С этим категорически не согласен Н.Верещагин. Он безапелляционно заявляет: «Средняя результативность (на чемпионате мира 2006 г. — Я.Т.) невероятно мала: 2,23 гола — и только! («И только!» — вспомните реплику В.Маслова. — Я.Т.) А в плей-офф напряжение и боязнь роковой ошибки довели результативность до неслыханно низкой отметки – 1.66 гола!» А поэтому: «Буквально в каждой игре все балансируется на той тончайшей грани, когда одна-единственная ошибка игрока, один назначенный или неназначенный пенальти, одна судейская ошибка решает исход не только матча, но и всего чемпионата. Понимая это, команды в наиболее ответственных матчах с равными соперниками (вот именно! — Я.Т.) наглухо «закрываются» и почти не помышляют об атаке — ведь шансов отыграть ненароком пропущенный гол так мало, что главным принципом становится — не рисковать». И в результате: «В который раз надежды болельщиков на красивую игру были обмануты, а надежды спортсменов на победу в честной борьбе — похоронены».
Здесь святое перепутано с грешным. То, что футбол становится все более и более прагматичным, мы уже говорили и пытались понять — почему. Однако говорить о том, что болельщики надеялись «на красивую» (т.е. при непротивлении злу насилием со стороны противников? — Я.Т.) игру, да еще «в честной (т.е. в «несплавленной»? — Я.Т.) борьбе», можно лишь, ориентируясь на самую неквалифицированную часть торсиды, не понимающей тенденций развития футбола и жаждущей крови на поле. Далее, как при счете 0:0, так и при, скажем, 4:4, игра будет балансироваться, по Верещагину, «на той тончайшей грани и т.д.», см. выше, потому что в футболе победа засчитывается не по количеству забитых голов, а по разности забитых и пропущенных, так что победы со счетом 1:0 и 5:4 или, скажем, 10:9 (это уже из практики дворовых команд) в одинаковой цене. А если команда должна отыгрываться, неужели и она будет «наглухо закрываться»?

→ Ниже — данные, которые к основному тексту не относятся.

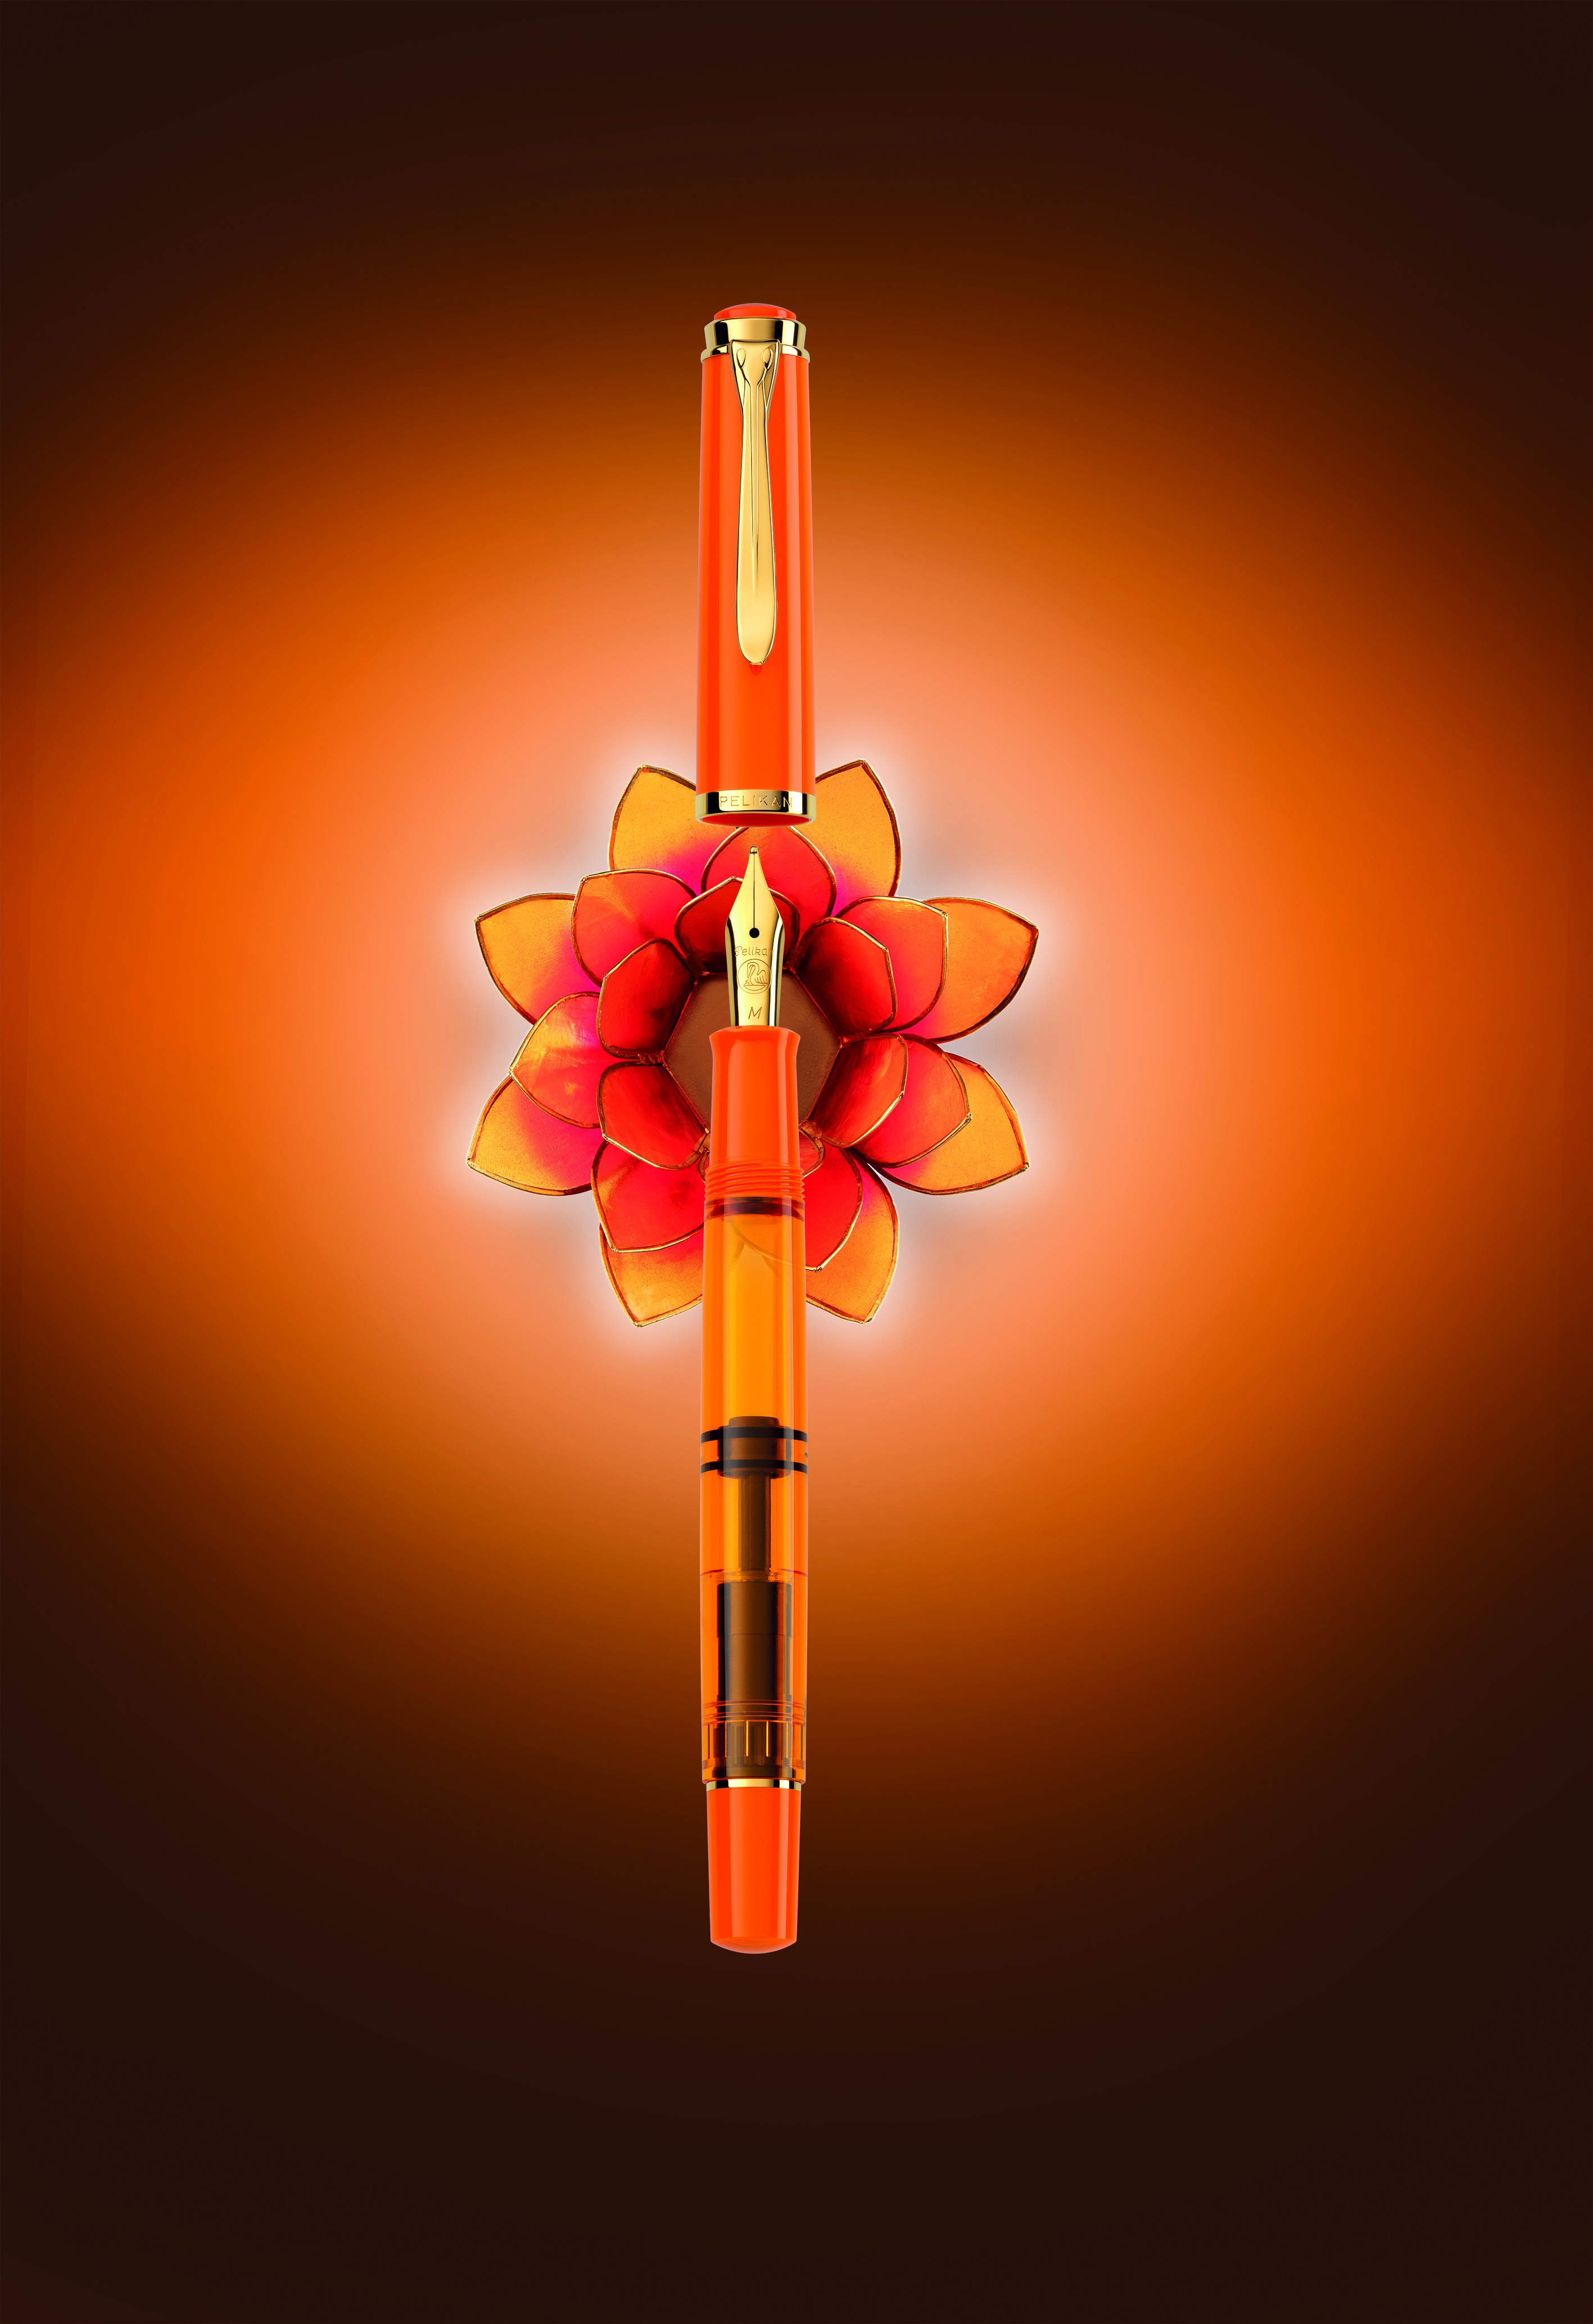 Pelikan Classic M200 Orange Delight Special Edition Fountain Pen

Кроме того, говоря о низкой или высокой результативности, хорошо бы договориться: а какой она должна быть. Сравните: в профессиональном баскетболе суммарное количество очков с обеих сторон достигает двух сотен, т.е. около 80—100 результативных бросков. А в гандболе общее число забитых голов в районе двух, трех, реже четырех десятков, т.е. вдвое меньше, чем в баскетболе. В хоккее с шайбой счет порядка 4:3 тоже никого не шокирует. Почему? Да потому что каждая игра имеет свою специфику, свои атрибуты и свои возможности. И требовать в футболе баскетбольного или гандбольного счета — все равно, что ожидать двух матов в одной шахматной партии.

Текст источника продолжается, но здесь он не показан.